How to thwart human-operated ransomware campaigns?
Most ransomware campaigns hitting healthcare organizations and critical services right now are just the final act of a months-long compromise.
“Using an attack pattern typical of human-operated ransomware campaigns, attackers have compromised target networks for several months beginning earlier this year and have been waiting to monetize their attacks by deploying ransomware when they would see the most financial gain,” says the Microsoft Threat Protection Intelligence Team.
Organizations who have yet to witness the final act (data exfiltration, file encryption) may have time to prevent it altogether and boot the attackers out before more damage is done.
Of course, those who have checked for organization-wide compromise and found nothing are the luckiest ones, but should nevertheless put up protections and mitigations as soon as possible.
Skilled attackers and a common attack pattern
“Human-operated ransomware attacks represent a different level of threat because adversaries are adept at systems administration and security misconfigurations and can therefore adapt to any path of least resistance they find in a compromised network,” the team explained.

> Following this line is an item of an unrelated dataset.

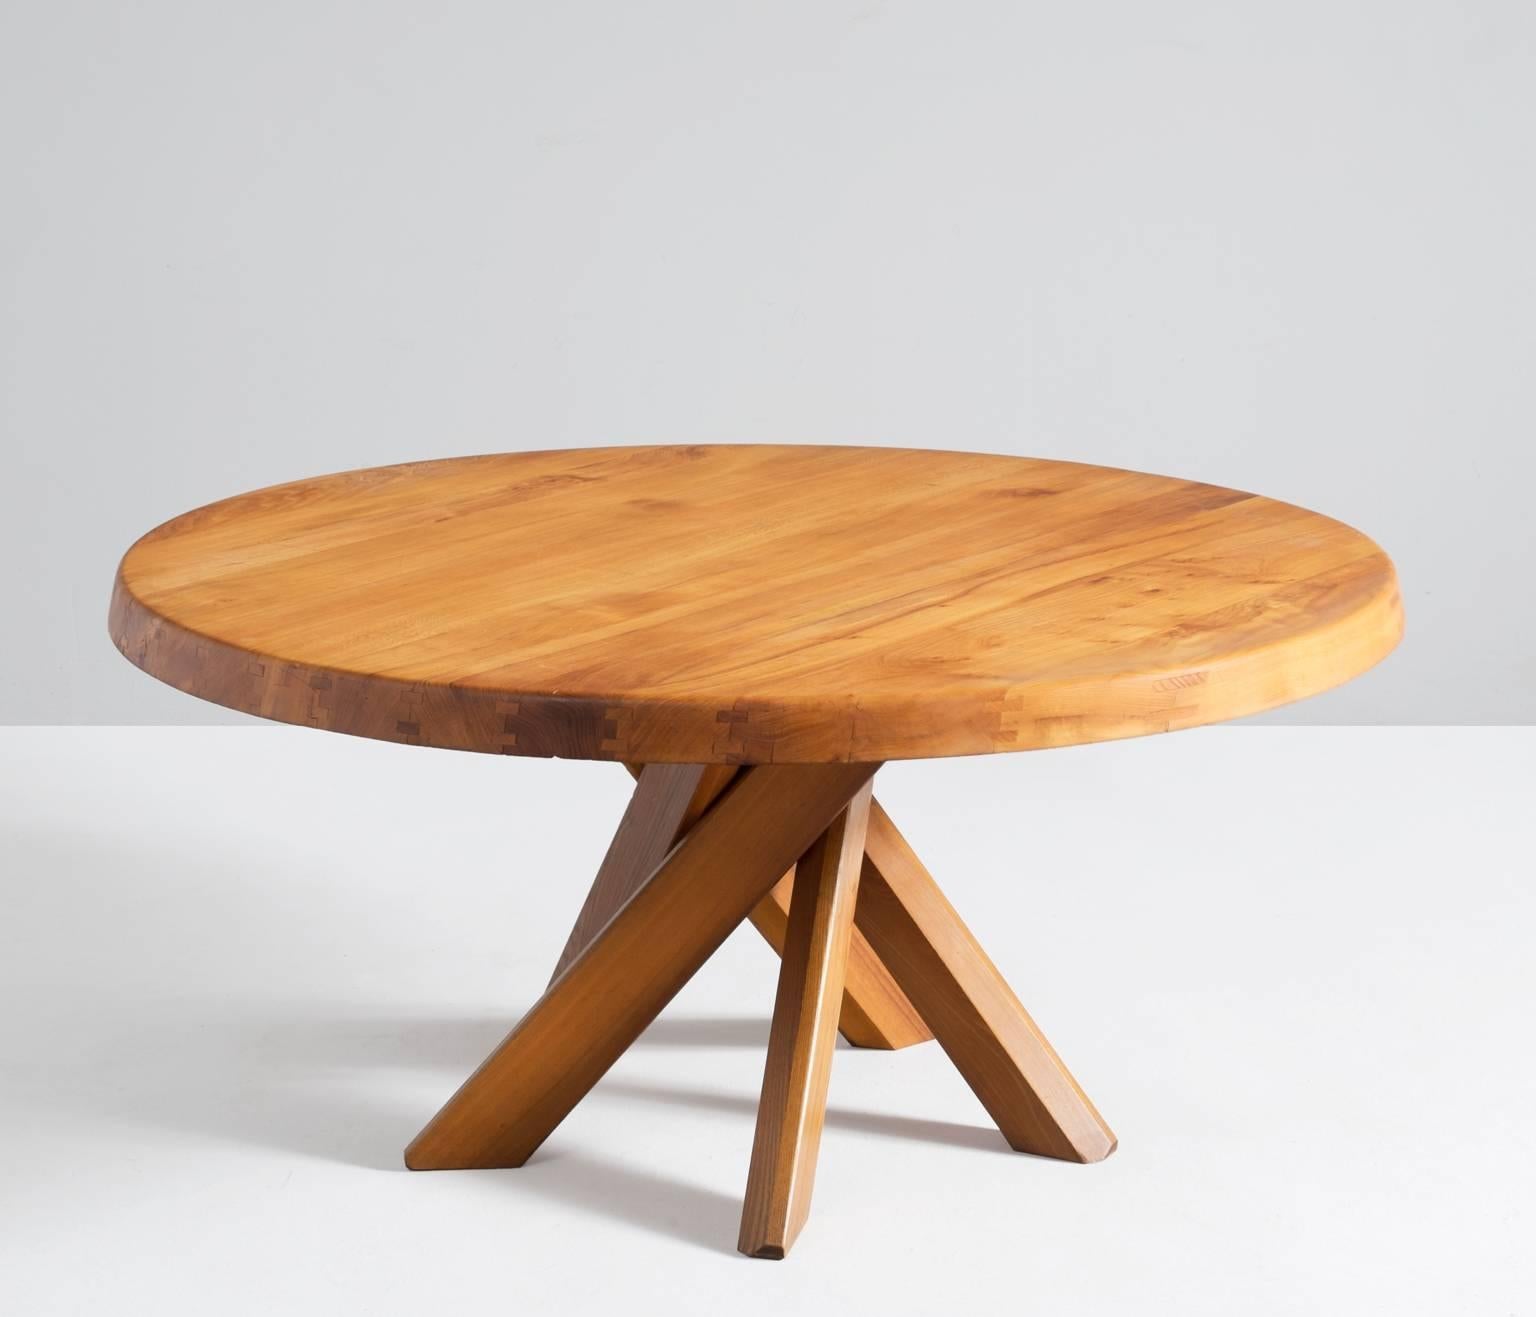 Dining table in elm by Pierre Chapo, France, 1960s.

The shape of the base creates a very open look and makes this an object to make a space more interesting. Well made solid wood joints, also shown on the side of the top with double connection

“If they run into a wall, they try to break through. And if they can’t break through a wall, they’ve shown that they can skillfully find other ways to move forward with their attack. As a result, human-operated ransomware attacks are complex and wide-reaching. No two attacks are exactly the same.”
They might not be exactly the same, but they are variation on a common attack pattern – the attackers achieve initial access via vulnerable and unmonitored internet-facing systems, steal credentials, perform lateral movement, make sure to achieve persistence on the systems/networks and, finally, deploy the ransomware payload
Mitigation
For the initial step, attackers usually:
- Brute-force RDP endpoints or Virtual Desktop endpoints without multi-factor authentication (MFA)
- Exploit misconfigurations of web servers (e.g., IIS), backup servers, systems management servers, electronic health record (EHR) software, etc.
- Exploit vulnerabilities in older, no longer supported platforms (e.g., Windows Server 2003 and 2008)
- Exploit vulnerabilities in widespread solutions like the Citrix Application Delivery Controller (ADC) systems (e.g., CVE-2019-1978) and Pulse Secure VPN systems (CVE-2019-11510).
Microsoft thinks it likely that CVE-2019-0604 (affecting Microsoft SharePoint servers), CVE-2020-0688 (affecting Microsoft Exchange Server), and CVE-2020-10189 (affecting Zoho ManageEngine Desktop Central) will also be soon exploited by these attackers.
Of course, attackers are not adverse to simultaneously try to deliver the ransomware via phishing emails or downloader Trojans that may already present on enterprise systems.
While fixing those weak spots is imperative, it may already be too late, so enterprise administrators and cybersecurity teams must also search for indication that their systems and networks have been breached and, if they find them, to start remediation immediately.
Detection and remediation
The Microsoft Threat Protection Intelligence Team has shared possible indicators of compromise for human-operated ransomware campaigns, such as presence of malicious PowerShell scripts, penetration testing tools, suspicious access to Local Security Authority Subsystem Service (LSASS) or suspicious registry modifications, security event logs that have been tampered with, and more.
They’ve also provided advice on how to go about eradicating the attackers’ presence completely and mitigating the fallout.
“As ransomware operators continue to compromise new targets, defenders should proactively assess risk using all available tools. You should continue to enforce proven preventive solutions—credential hygiene, minimal privileges, and host firewalls—to stymie these attacks, which have been consistently observed taking advantage of security hygiene issues and over-privileged credentials,” they noted.
Keith McCammon, co-founder and CSO of threat detection and response specialist Red Canary, says that the fact that ransomware actors continue to successfully leverage some textbook breach tactics underscores the need not just for better preventative controls, but for robust detection coverage, careful investigation, and proactive hunting for threats that others controls have missed.
“Microsoft’s dedication to preventing and stopping these everyday ransomware attacks is refreshing in a world where many security vendors focus their attention primarily on splashy detection of nation-state actors,” he added.